Please note that we already check OOD performance when varying p_mask (Fig 3 in manuscript). Further, we also check OOD performance by changing the number of rows / columns and rank of the input matrix – as observed in Fig. (A–C) in attached PDF, BERT performance is either comparable or better than nuclear norm minimization on the same input, except for the case when we modify the number of columns. This is because positional embeddings in our model depend on the column index of the element, and hence (expectedly) changing the number of columns adversely affects model performance. The overall idea is that as long as the input matrix entries do not exceed beyond a certain threshold in magnitude, the model can solve matrix completion. This is because the model has learnt token embedding representations for a fixed range of input values (as defined by U[-1, 1]). It is unexpected to generalize to larger entries that the model does not see during training, since the model has no knowledge of how tokens for larger entries are represented in the embedding space. This also matches the observations in Sec 5 [3], where the author shows that changing the variance of test distribution significantly affects OOD performance of the model.

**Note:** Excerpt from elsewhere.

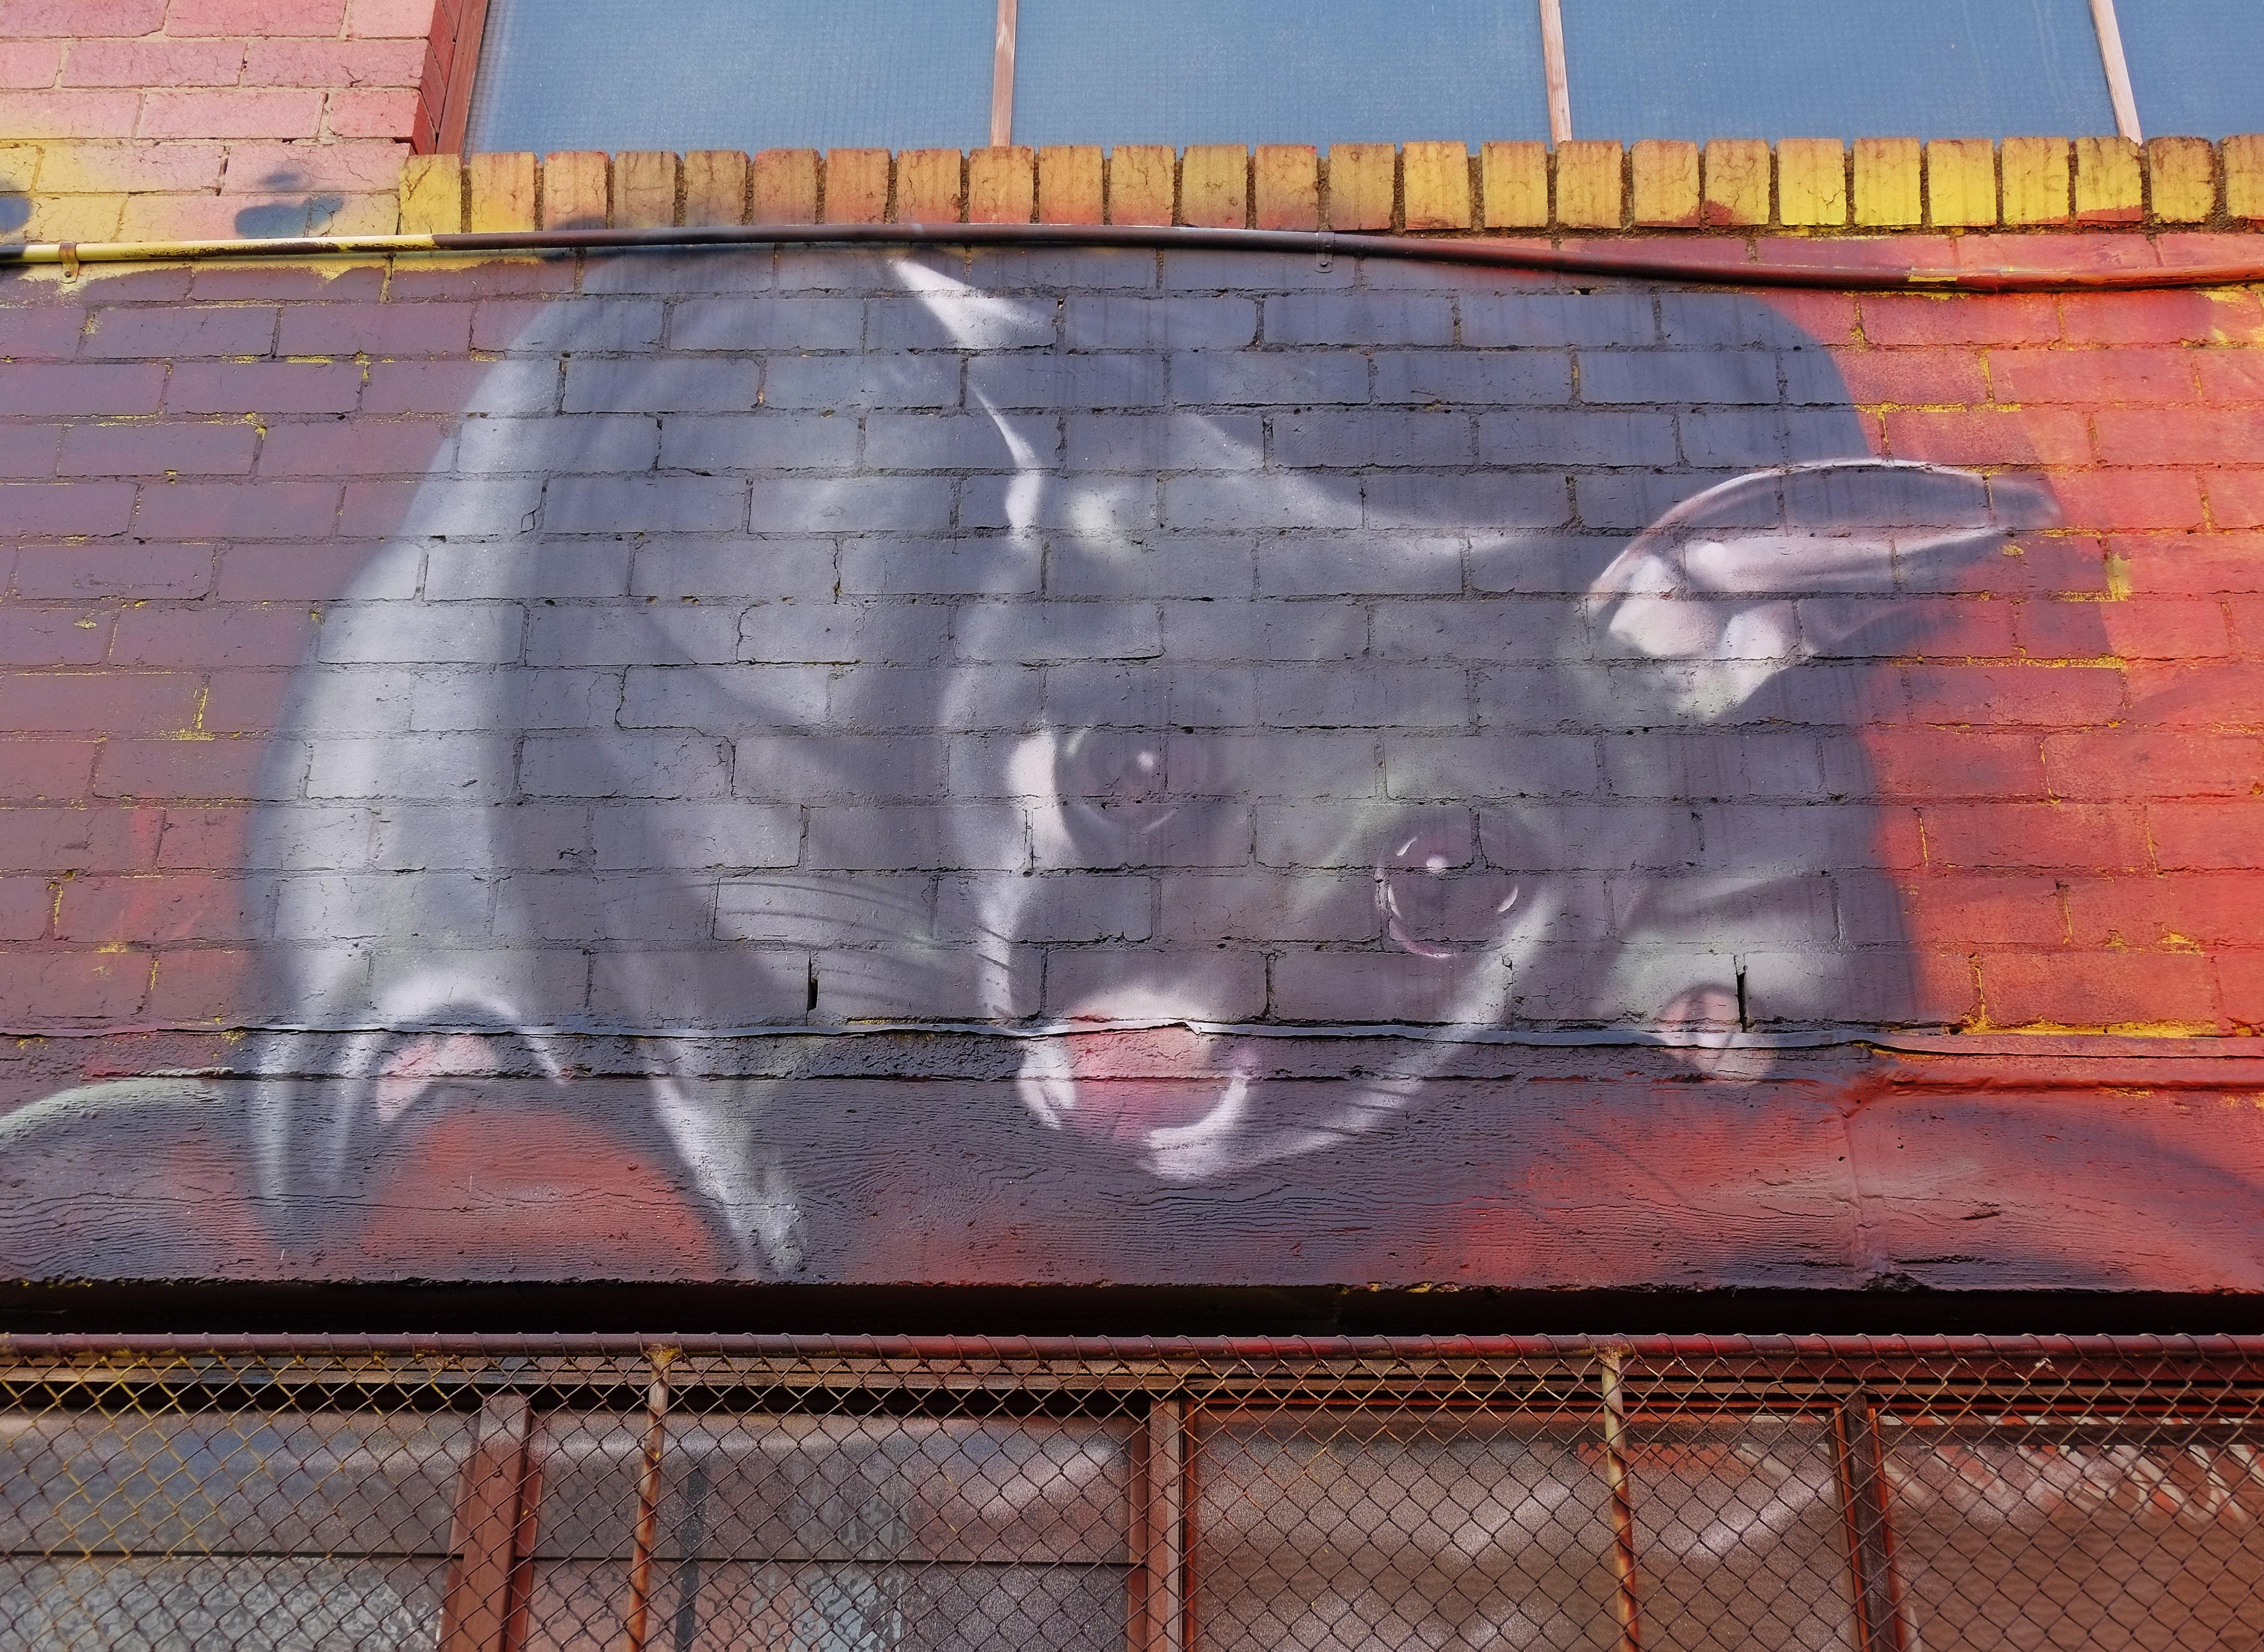 street art mural of a sugar glider, a small rat-like rodent
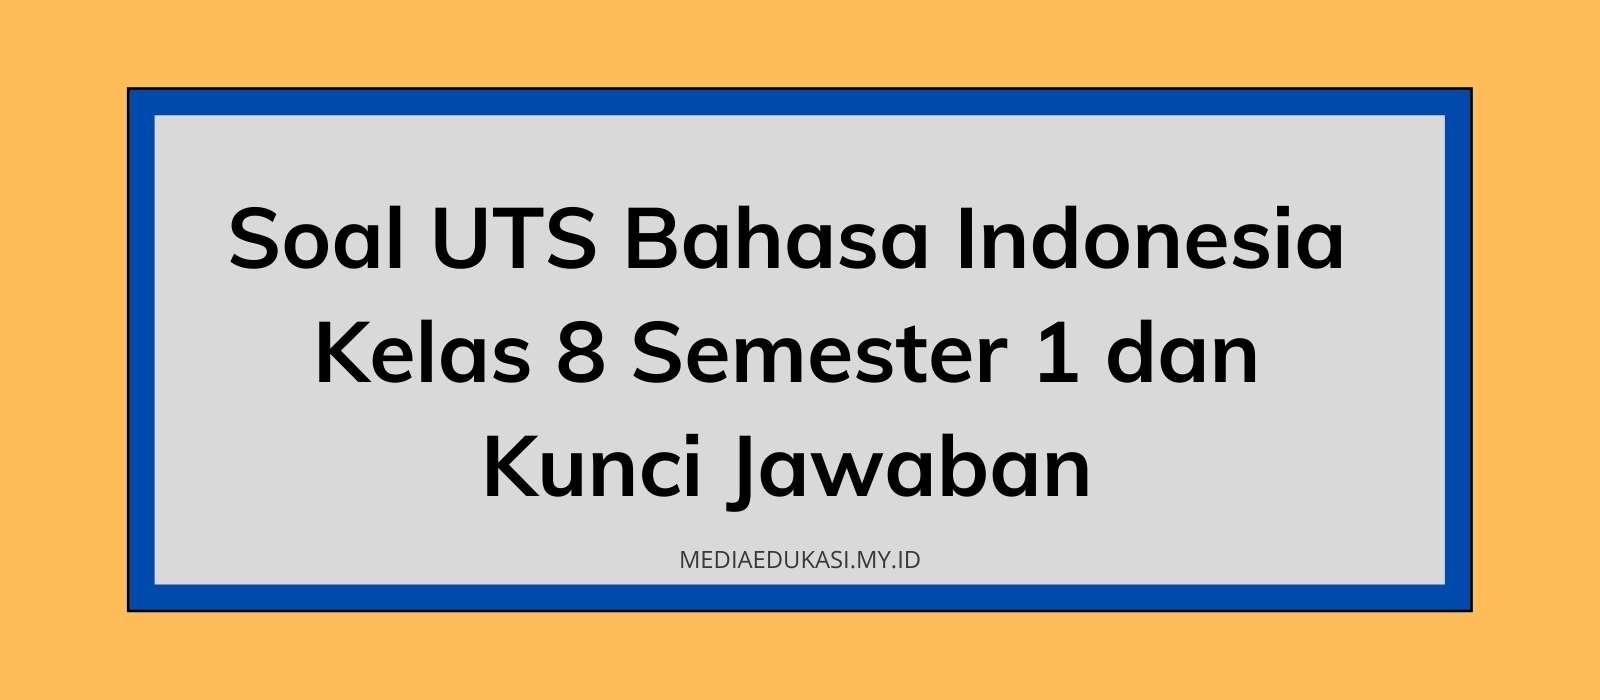 Soal PTS Bahasa Indonesia Kelas 8 Semester 1 dan Kunci Jawaban

[3] https://openreview.net/forum?id=L2a_bcarHcF

最终决定

This submission has received scores of 6, 4, 7, 6, 5, indicating a weak acceptance of this submission. The reviewers generally find the paper interesting and well-presented, with a novel approach to studying the behavior of transformer models on a simplified matrix completion task. However, some concerns remain about the significance of the contributions and the generalizability of the findings. Still, the reviewers' scores and comments, along with the authors' detailed and responsive rebuttal, suggest that the paper's strengths outweigh its weaknesses. While there is room for further exploration and deeper mechanistic understanding, the paper makes a valuable contribution to the field and warrants acceptance.

The authors are encouraged to address the reviewers' concerns in the final version by expanding the discussion on the significance and generalizability of their findings, exploring the possibility of extending their analysis to larger-scale tasks and different model architectures, and providing a deeper theoretical or mechanistic understanding of the observed phenomena.

Strengths:

  • Novelty and clarity: The paper presents a novel and well-executed approach to studying transformer behavior on a simplified task, making it easy to follow and understand.
  • Interesting observations: The phase transition phenomenon and the analysis of attention heads and embeddings provide valuable insights into the model's learning dynamics.
  • Thorough experimentation: The authors conduct extensive experiments and provide detailed descriptions of their methodology.

Areas to Improve:

  • Significance of contributions: Some reviewers question the overall impact and generalizability of the findings, particularly regarding the transferability of insights to the language domain and larger-scale tasks.
  • Depth of mechanistic understanding: While the paper offers valuable observations, a deeper theoretical or mechanistic analysis of the observed phenomena is desired.
  • Generalizability: The experiments are primarily conducted on small matrices, raising concerns about the scalability and applicability of the findings to more complex scenarios.